## Problem to work on
Output the listing exactly as written, apart from its pictures.

## Provided material
=== Section Start ===

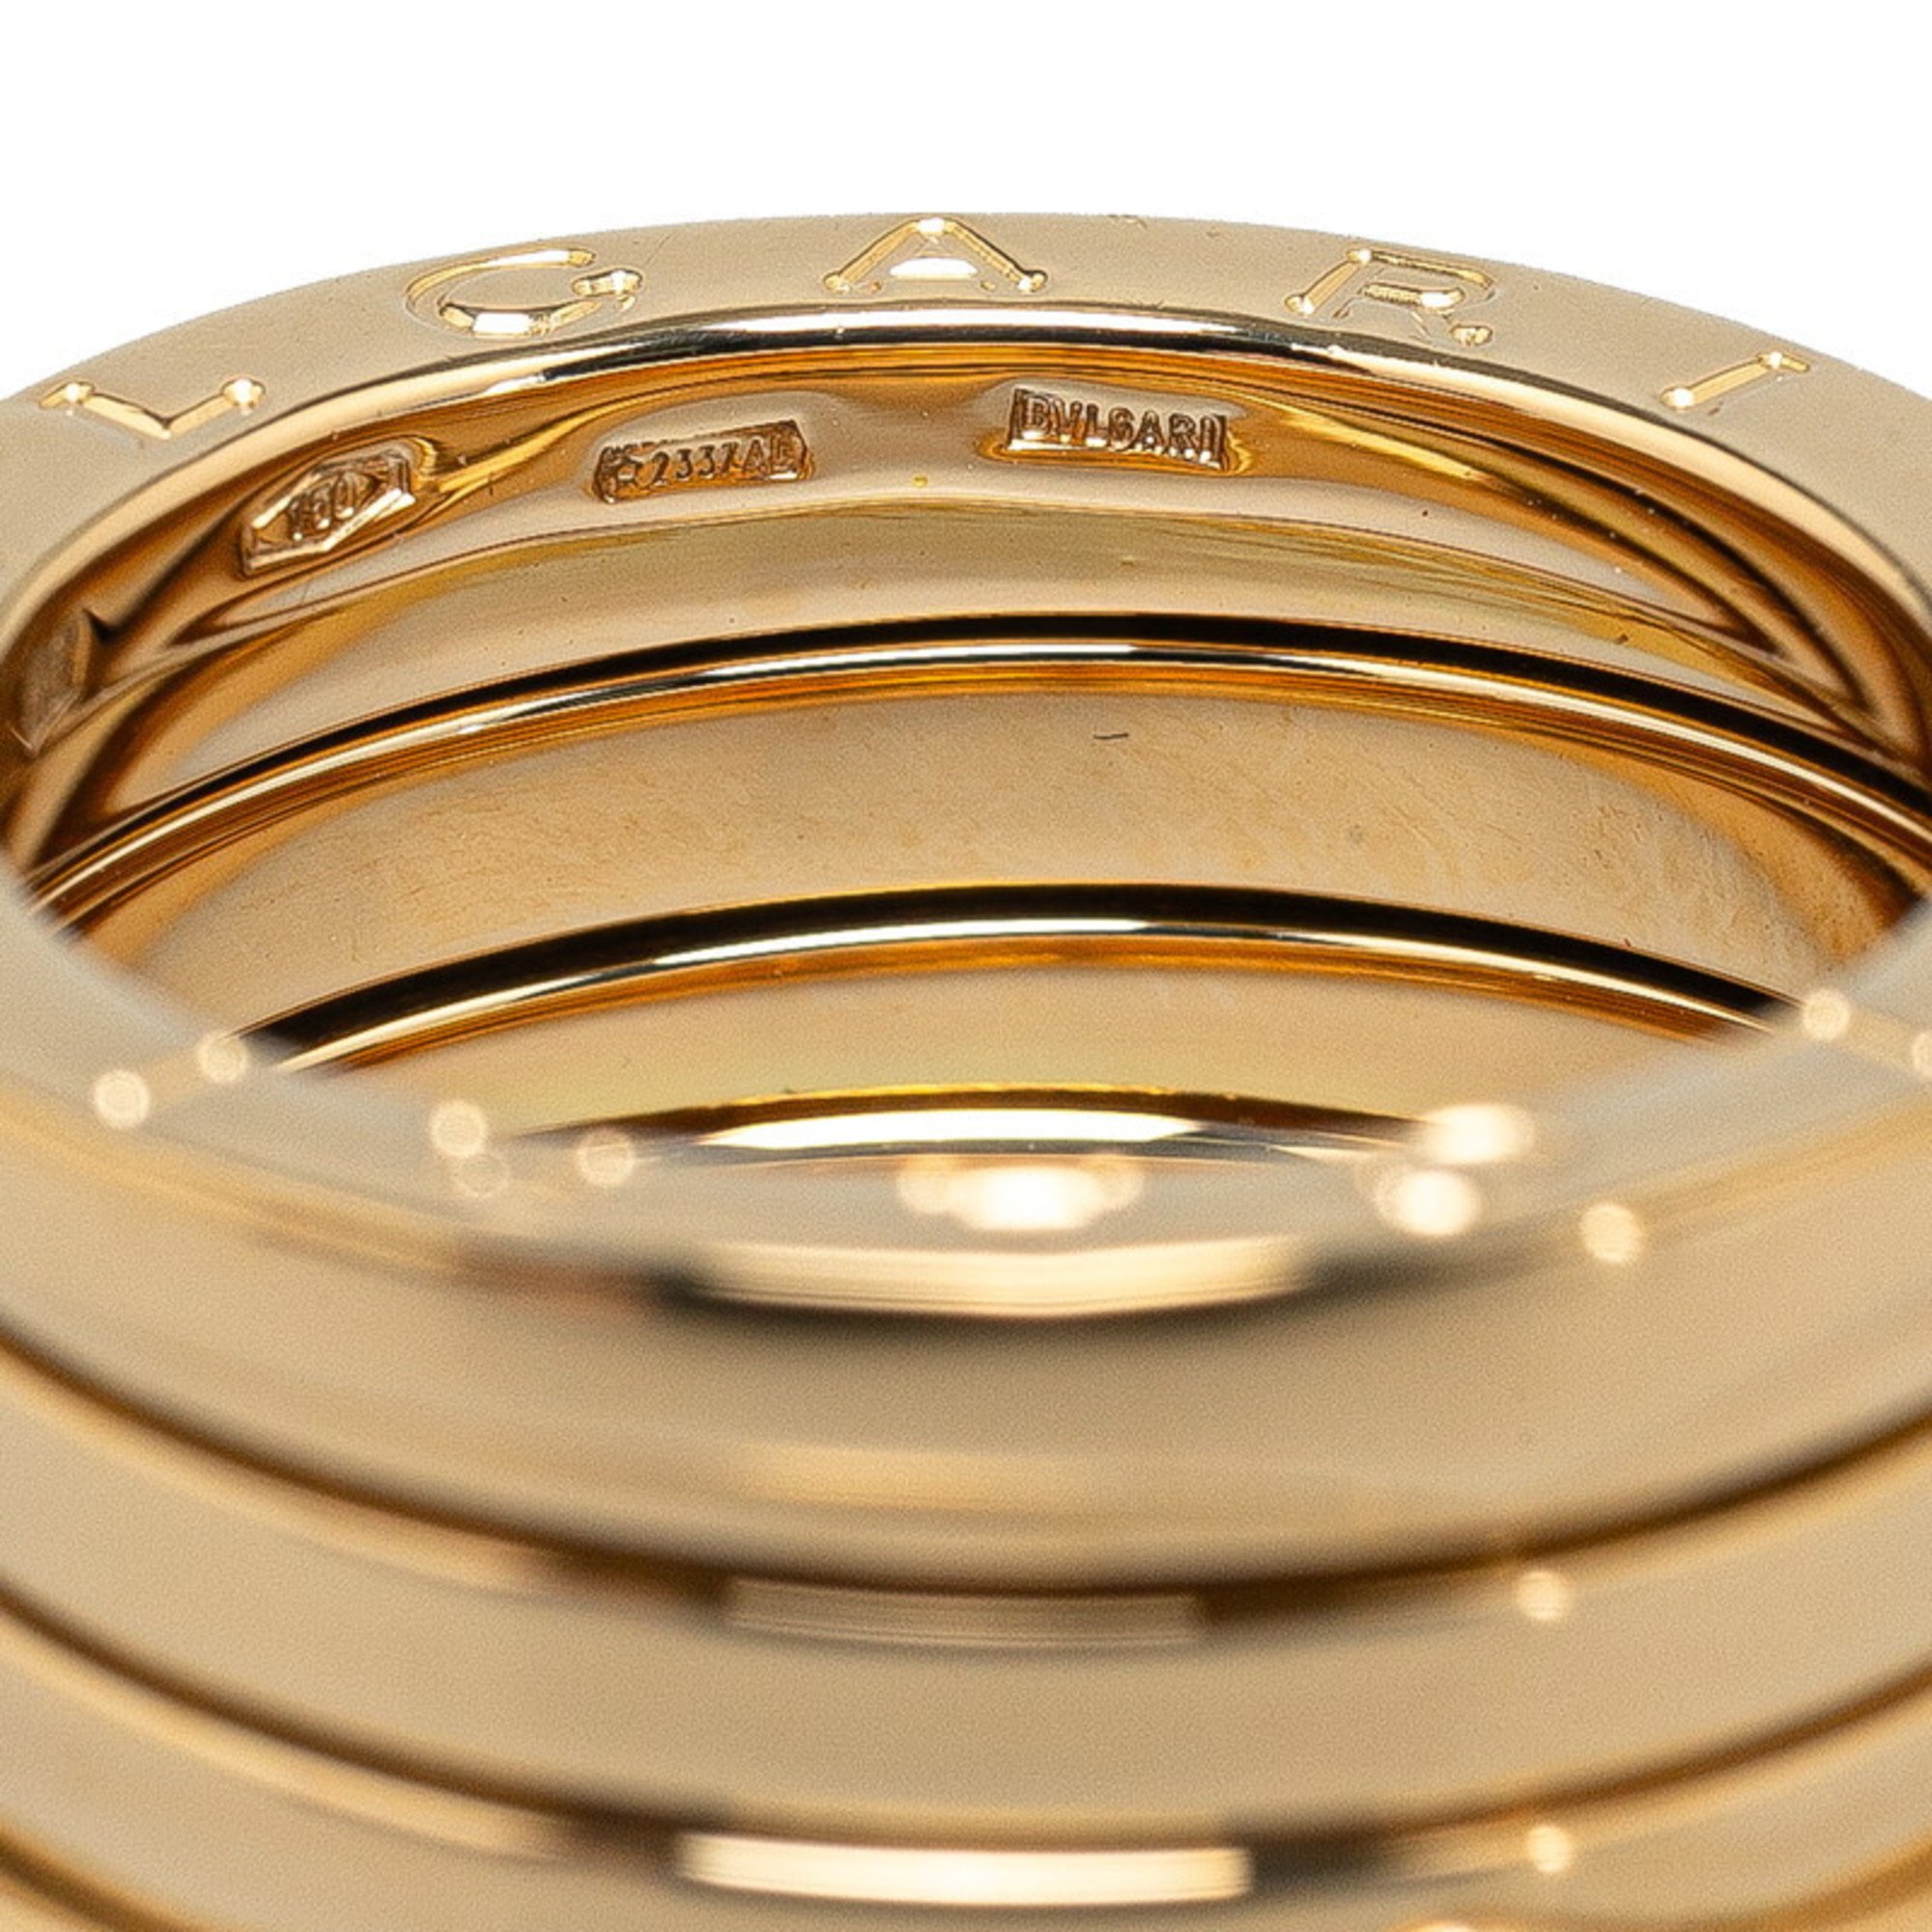 BVLGARI B.zero1 4-band ring #52 K18YG Yellow gold for women
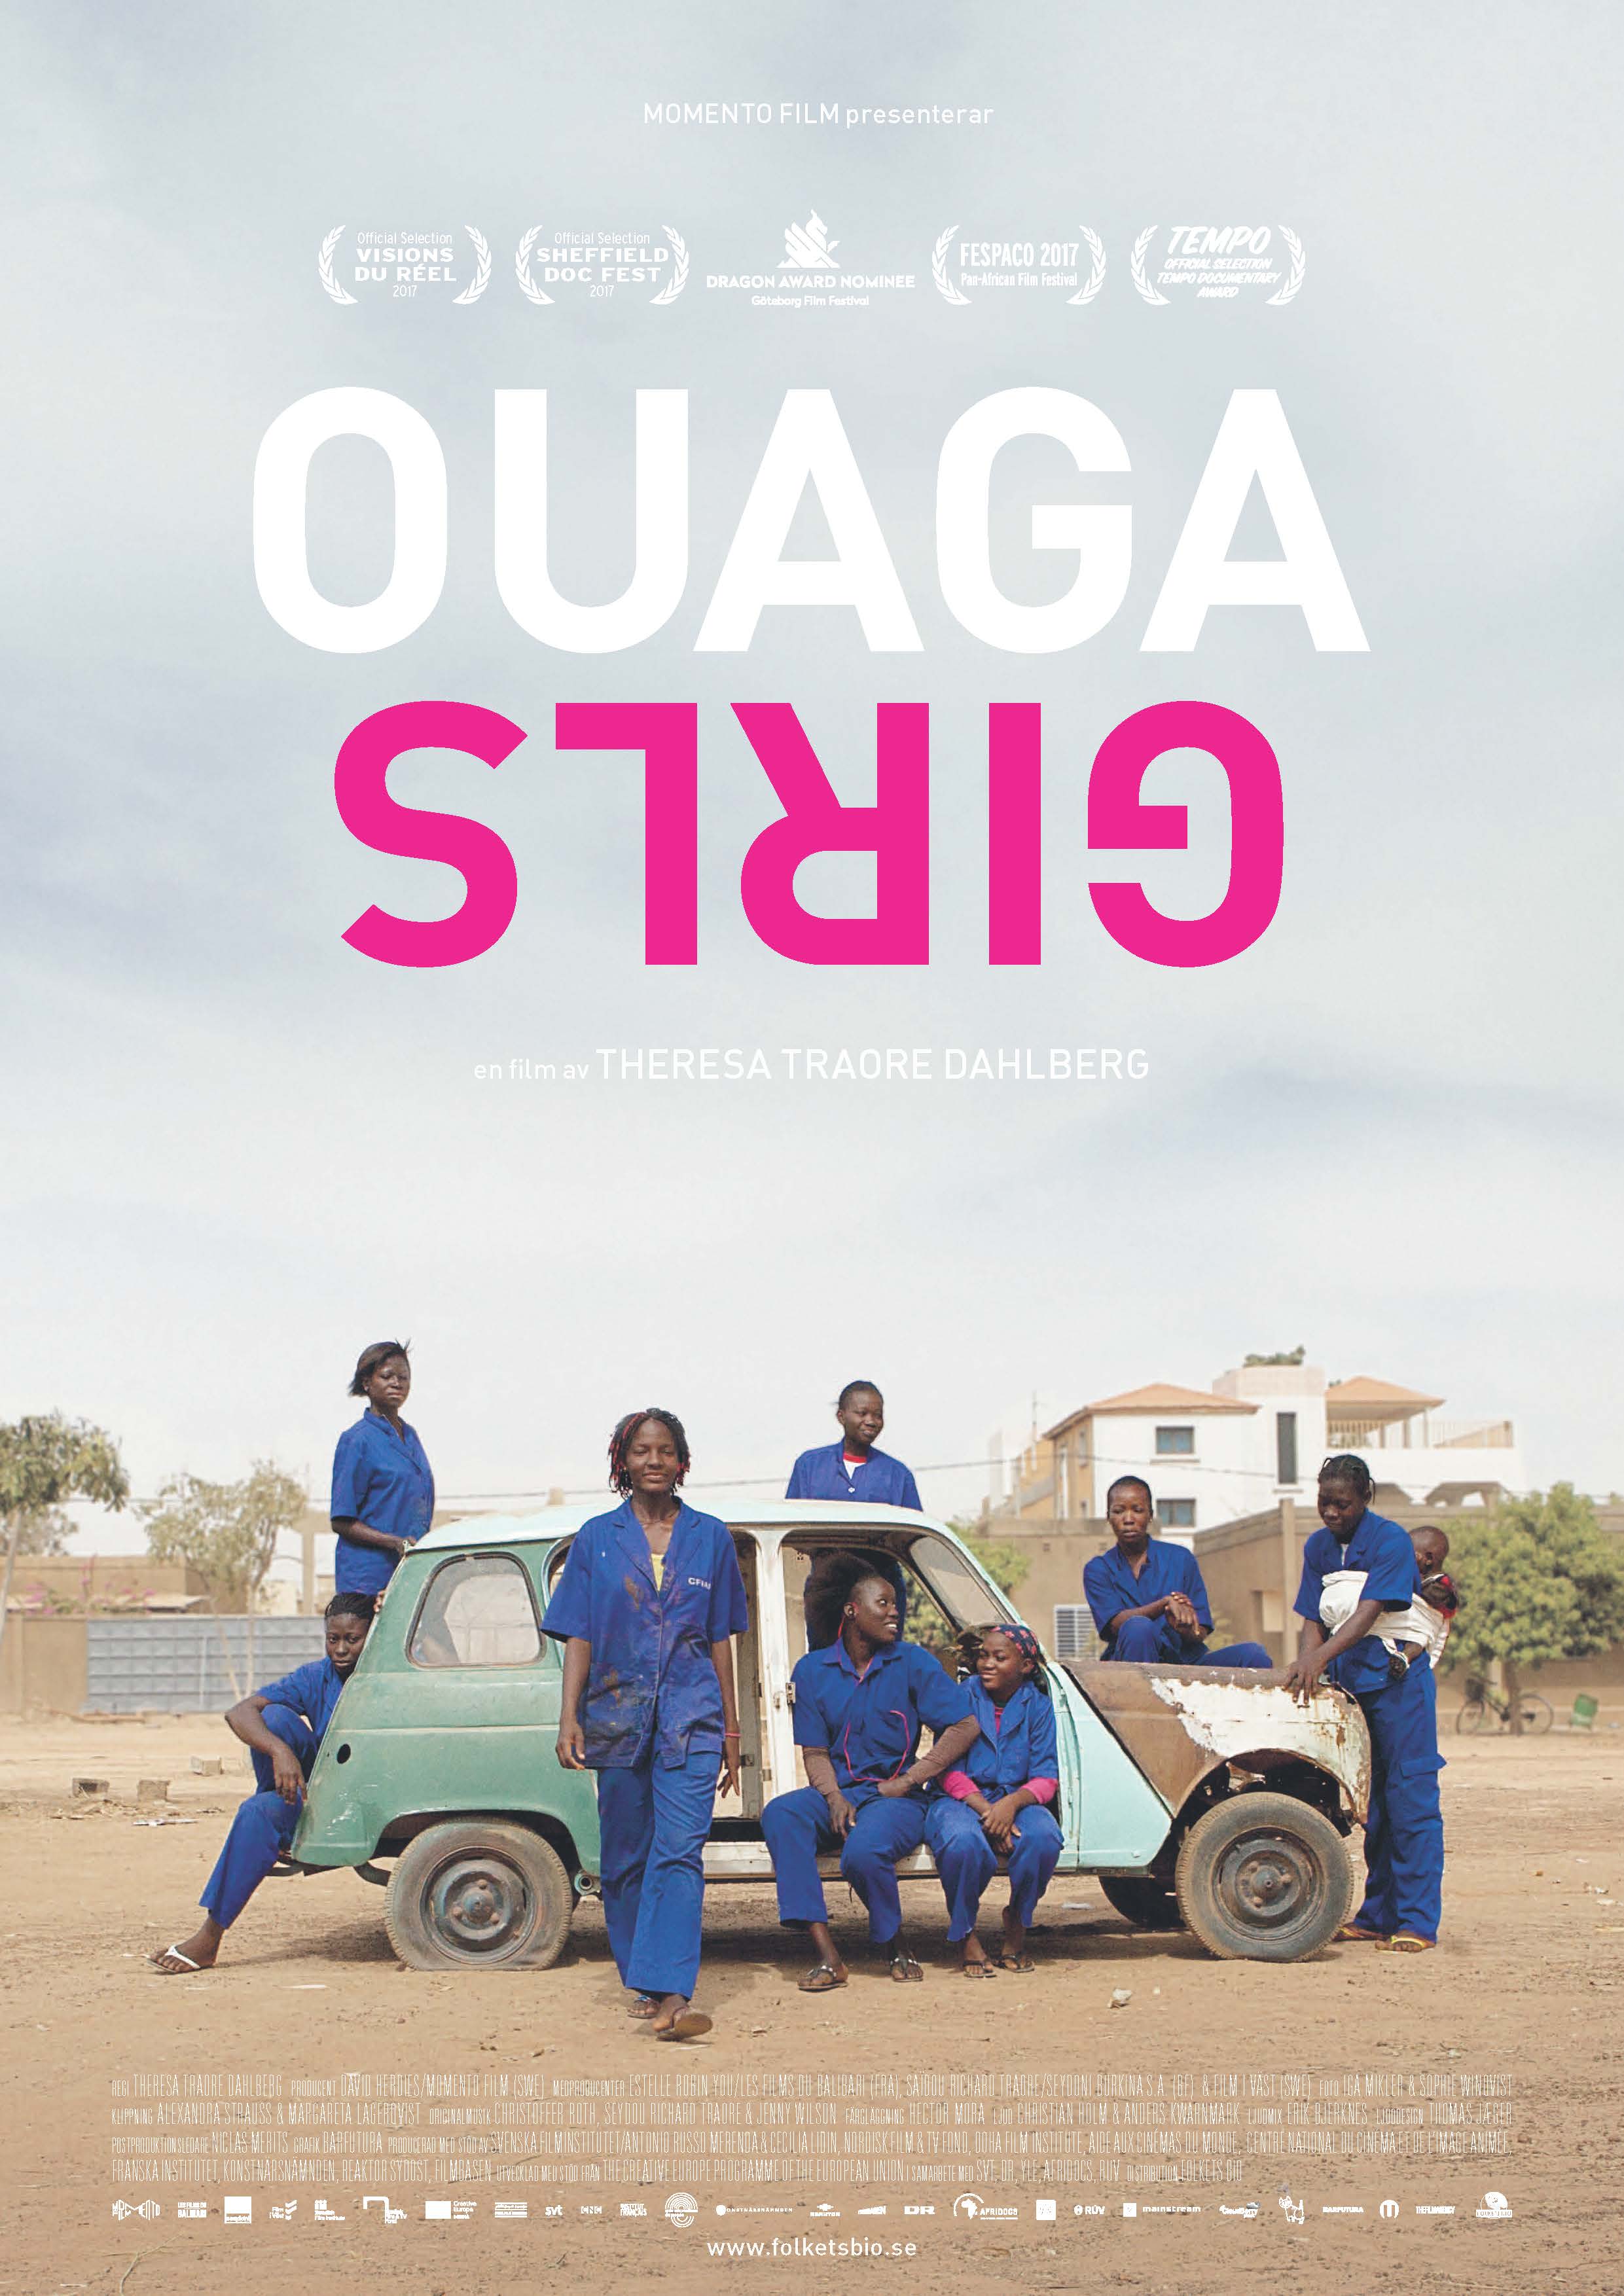 Ouaga girls
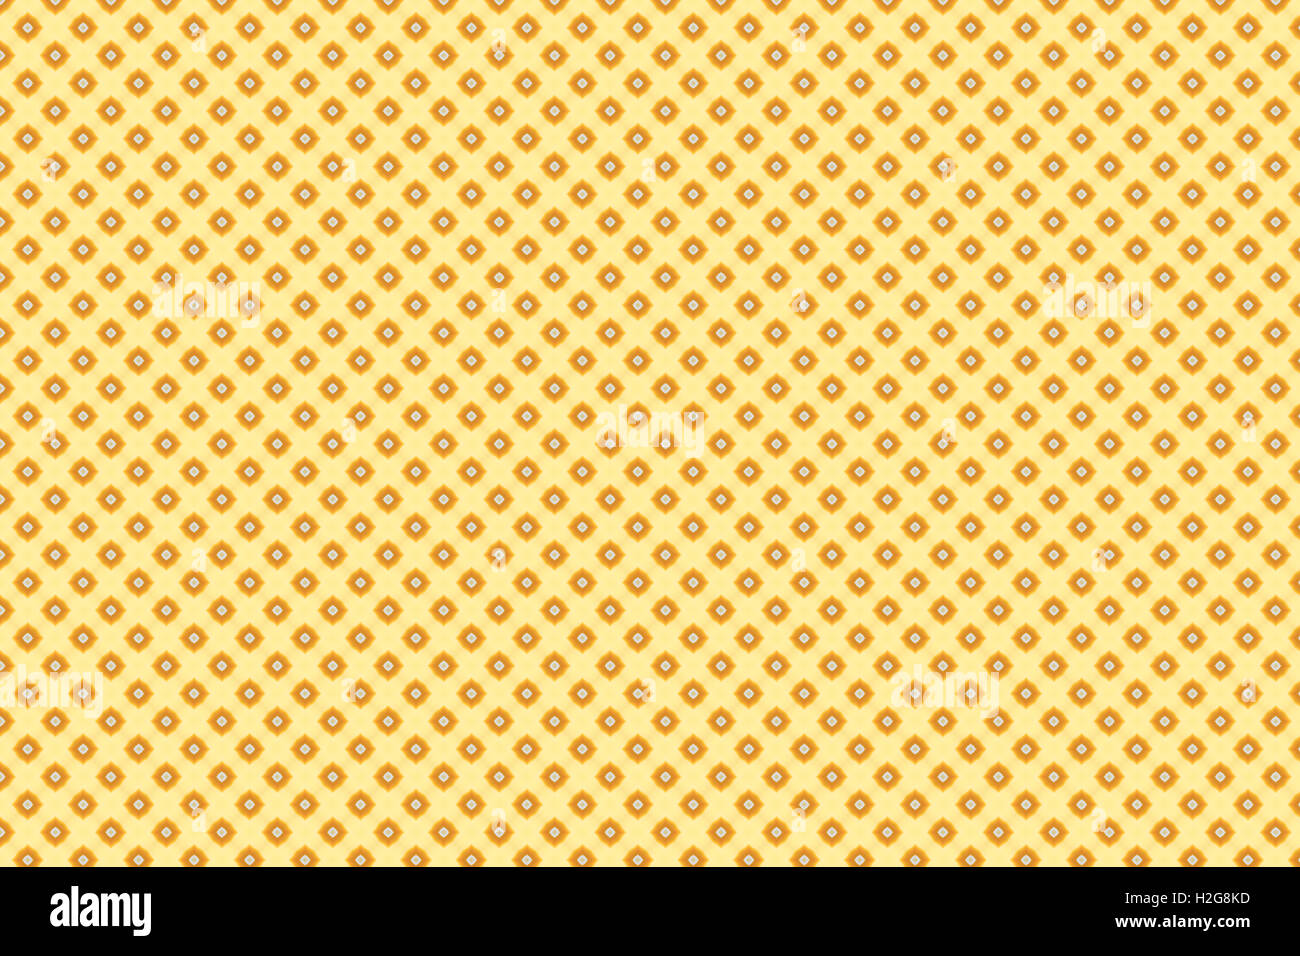 yellow wallpaper pattern background Stock Photo

=== Section End ===

## Task response
 BVLGARI B.zero1 4-band ring #52 K18YG Yellow gold for women
 Ouaga girls
 yellow wallpaper pattern background Stock Photo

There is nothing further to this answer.